The information in this prospectus is not
complete and may be changed. We may not sell these securities until
the Registration Statement filed with the Securities and Exchange
Commission, of which this prospectus is a part, is effective. This
prospectus is not an offer to sell these securities and it is not
soliciting an offer to buy these securities in any state where the
offer or sale is not permitted.
SUBJECT TO COMPLETION,
DATED MAY 20, 2022
PROSPECTUS
Up to $150,000,000 of American Depositary
Shares

Representing Ordinary Shares
Connect Biopharma Holdings Limited
Connect Biopharma Holdings Limited, a holding company incorporated
in the Cayman Islands in November 2015 (“Connect,” the
“Company,” the “Group,” “we,” “us,” “our,” “our company” and
“Connect Biopharma”) has entered into a sales agreement (the “Sales
Agreement”), with SVB Securities LLC (“SVB Leerink”) and Cantor
Fitzgerald & Co. (“Cantor”), dated April 15, 2022,
relating to the American Depositary Shares (“ADSs”) offered by this
prospectus. Each ADS represents one of our ordinary shares, par
value $0.000174 per share (“Ordinary Shares”). Under this
prospectus, we may offer and sell ADSs having an aggregate offering
price of up to $150.0 million from time to time through SVB
Leerink and Cantor (the “Sales Agents”), acting as our agents, in
accordance with the Sales Agreement.
Sales of the ADSs, if any, under this prospectus may be made by any
method permitted that is deemed an “at the market” offering as
defined in Rule 415(a)(4) promulgated under the Securities Act of
1933, as amended (the “Securities Act”), including sales made
directly on or through the Nasdaq Global Market (“Nasdaq”), on or
through any other existing trading market for our Ordinary Shares
or ADSs or to or through a market maker. If expressly authorized by
us, the Sales Agents may also sell the ADSs in privately negotiated
transactions. The Sales Agents are not required to sell any
specific number or dollar amount of securities but will act as our
sales agents using commercially reasonable efforts consistent with
their normal trading and sales practices and applicable state and
federal laws, rules and regulations and the rules of the Nasdaq, on
mutually agreed terms between the Sales Agents and us. There are no
minimum sale requirements, and there is no arrangement for funds to
be received in any escrow, trust or similar arrangement.

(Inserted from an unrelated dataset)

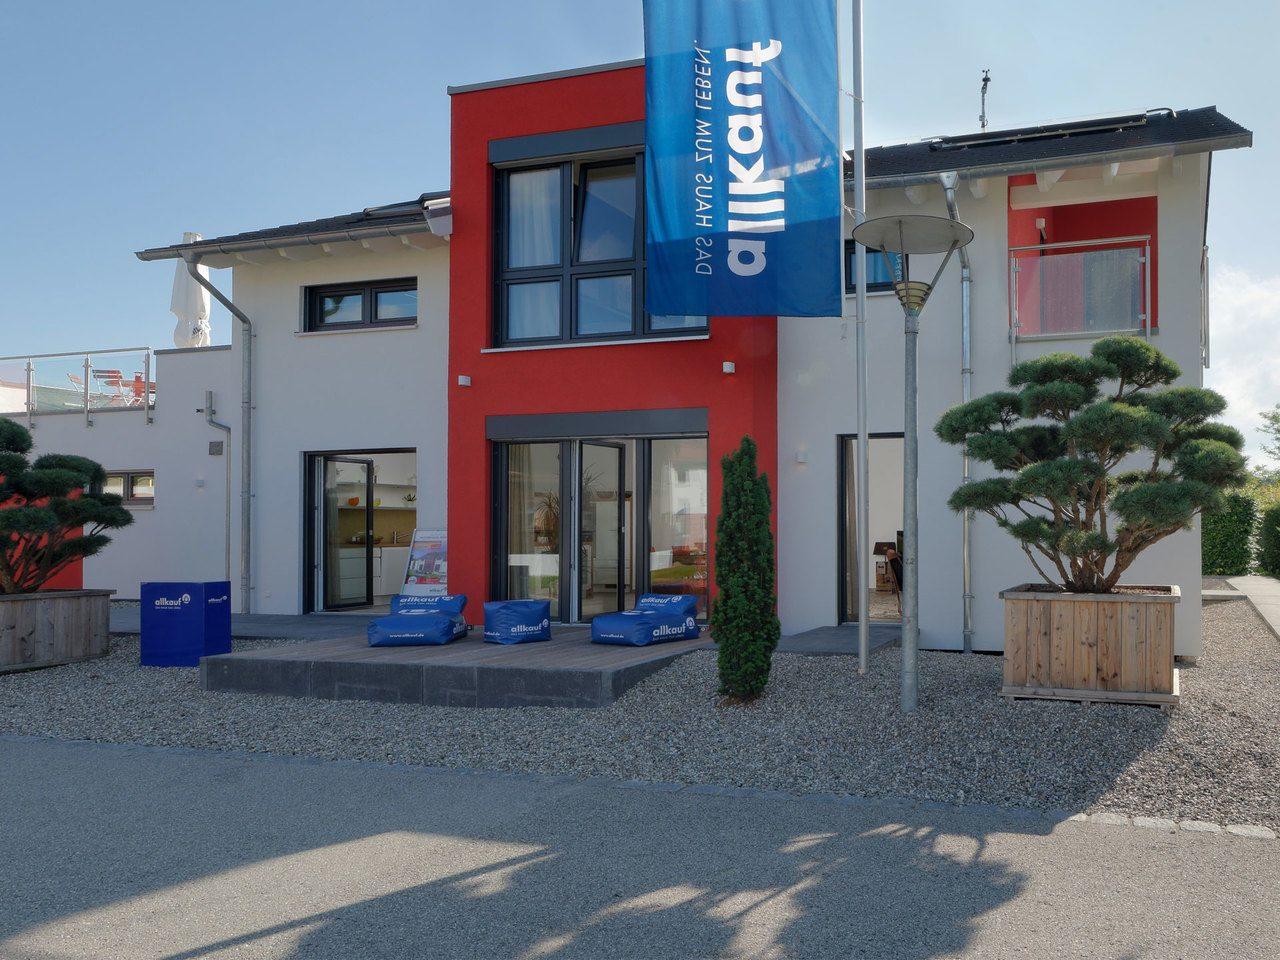 Allkauf Haus Musterhaus

The compensation payable to the Sales Agents for sales of ADSs sold
pursuant to the Sales Agreement will be an amount up to 3.0% of the
gross proceeds of any ADSs sold under the Sales Agreement. See
“Plan of Distribution” beginning on page S-47 for additional
information regarding the compensation to be paid to the Sales
Agents. In connection with the sale of the ADSs on our behalf, each
Sales Agent will be deemed to be an “underwriter” within the
meaning of the Securities Act, and the compensation paid to the
Sales Agents will be deemed to be underwriting compensation. We
have also agreed in the Sales Agreement to provide indemnification
and contribution to the Sales Agents with respect to certain
liabilities, including liabilities under the Securities Act or the
Securities Exchange Act of 1934, as amended (the “Exchange
Act”).
The ADSs are listed on the Nasdaq under the symbol “CNTB.” On
May 19, 2022, the last reported sale price of the ADSs on the
Nasdaq was $0.88 per ADS.
Our principal executive offices are located at Science and
Technology Park, East R&D Building, 3rd Floor, 6 Beijing
West Road, Taicang, Jiangsu, the People’s Republic of China 215400,
and our telephone number is +86 512 5357 7866. Our
registered address in the Cayman Islands is located at the offices
of Maples Corporate Services Limited at PO Box 309, Ugland House,
Grand Cayman, KY1-1104,
Cayman Islands.
We are not a Chinese operating company but a holding company
incorporated in the Cayman Islands. As a holding company with no
material operations of our own, we conduct operations primarily
through our direct and indirect wholly owned subsidiaries, some of
which were established in the People’s Republic of China, or the
PRC. The securities offered in this prospectus are securities of
our Cayman Islands holding company, not of our operating
subsidiaries.
Additionally, we are subject to certain legal and operational
risks associated with our subsidiaries’ operations in the PRC. PRC
laws and regulations governing our current business operations are
sometimes vague and uncertain, and therefore, these risks may
result in a material negative change in our subsidiaries’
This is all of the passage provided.